Monday, November 06, 2000

'Challenges are great,' Anglican prelate says

By Richelle Thompson
The Cincinnati Enquirer

Archbishop of Canterbury George L. Carey and Bishop Herbert Thompson Jr. preside.
(Michael E. Keating photo)
| ZOOM |
        The stakes were high for the crowd Sunday at Xavier University's Cintas Center. Rather than cheering for a basketball victory, 10,000 Episcopalians prayed to win over hearts.

        Archbishop of Canterbury George L. Carey coached members of the Diocese of Southern Ohio to spread the good news of God. The spiritual leader of 70 million Anglicans worldwide challenged the group to quadruple local membership by 2005, a goal set by the diocese's bishop, the Right Rev. Herbert Thompson Jr.

        The future of the church pivots on the success of Christ's followers in sharing their faith, the archbishop said.

        “Our challenges are great,” he preached in the sermon. “But the potential resources are greater than that. He who commands us to go will come with us.”

        The service was a pep rally of sorts, aiming to energize and encourage members to step outside their comfort levels and become evangelists. The event coincided with the 125th anniversary of the diocese and was the first time all 83 churches had been invited to come together.

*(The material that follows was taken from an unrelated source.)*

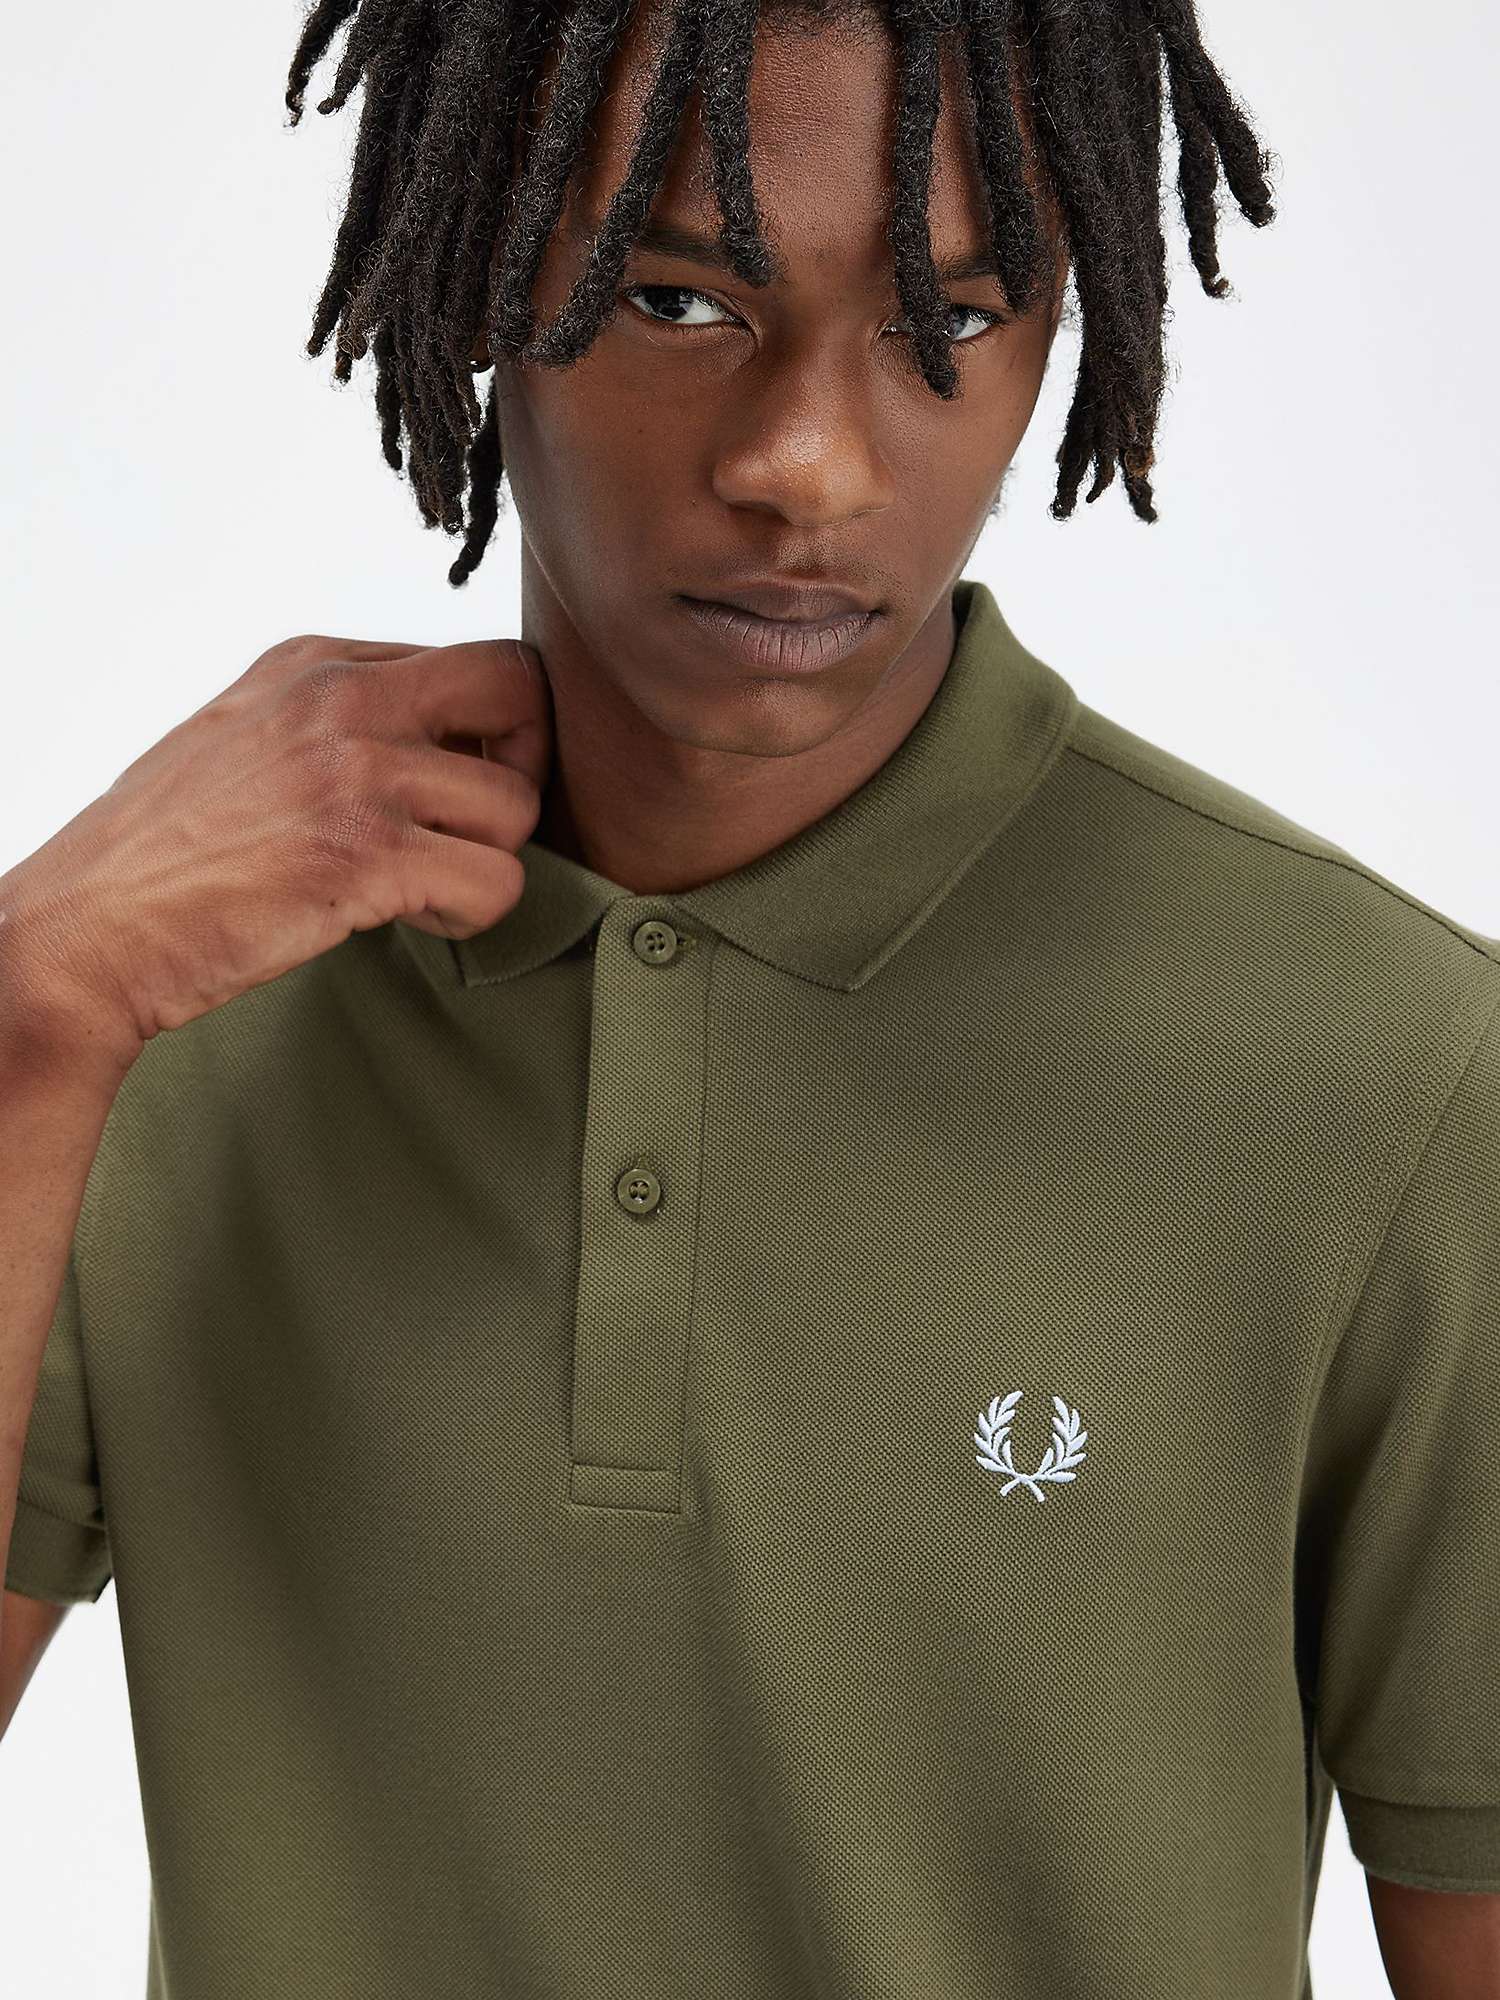 Buy Fred Perry Tennis Short Sleeve T-Shirt Online at johnlewis.com

        Sonorous organ notes filled the gym-turned-sanctuary. Choirs dipped into gos pel songs and belted out traditional hymns. Kids wore “Share It and Shine” yellow foam hats.

        Instead of $2.50 hot dogs and $4.50 beers, church members ate bananas and apples and ordered orange juice or coffee.

        Under the Diet Coke and Hillshire Farm ads on the scoreboard flashed pictures of local Episcopal churches. Priests wore robes and held walkie-talkies.

        At center court was a brass and wooden baptismal font.

        As the service began, 400 people streamed onto the floor, hoisting church banners, waving streamers and bearing crosses. Archbishop Carey wore a gold robe, and Bishop Thompson carried his 6-foot bishop's staff.

        The service followed traditional Episcopal liturgy. People recited prayers together and sang hymns. They shook hands and whispered, “Peace of the Lord be with you.”

        Church members climbed the gym steps to receive Communion from more than 100 priests and deacons. Teen-agers from area churches traced the sign of the cross with anointing oil on the foreheads of followers.

        Kim Gibbons of West Chester Township brought 5-year-old daughter Meghan to the service.

        “It's important for her to see other people within the same faith come together,” Ms. Gibbons said.

        Jeffrey Beamon, 12, and Christian Staples, 9, learned of unity via the Internet. They visited a cyber cafe set up to connect church members with other Episcopal parishes throughout the world.

        Jeffrey read the history of the Anglican church. Christian searched for other churches that shared the same name as the one he attends, St. Andrew's in Evans ton.

        He found one, in Framingham, Mass.

        “I don't even know where that is,” Christian said.

        And then he began reading about his spiritual brothers and sisters from another state.

        Sister Rachel Margaret had never met the Archbishop of Canterbury before this weekend. His presence at the service “makes me aware of being a part of the whole church, the whole world communion,” said the 15-year member of the Episcopal order Community of the Transfiguration in Glendale.

        Growing the diocese from 27,000 to 100,000 in four years is an ambitious plan, she conceded.

        “But all things are possible with God,” she said. “That's what the church is about, bringing the word of the Gospel to the world.”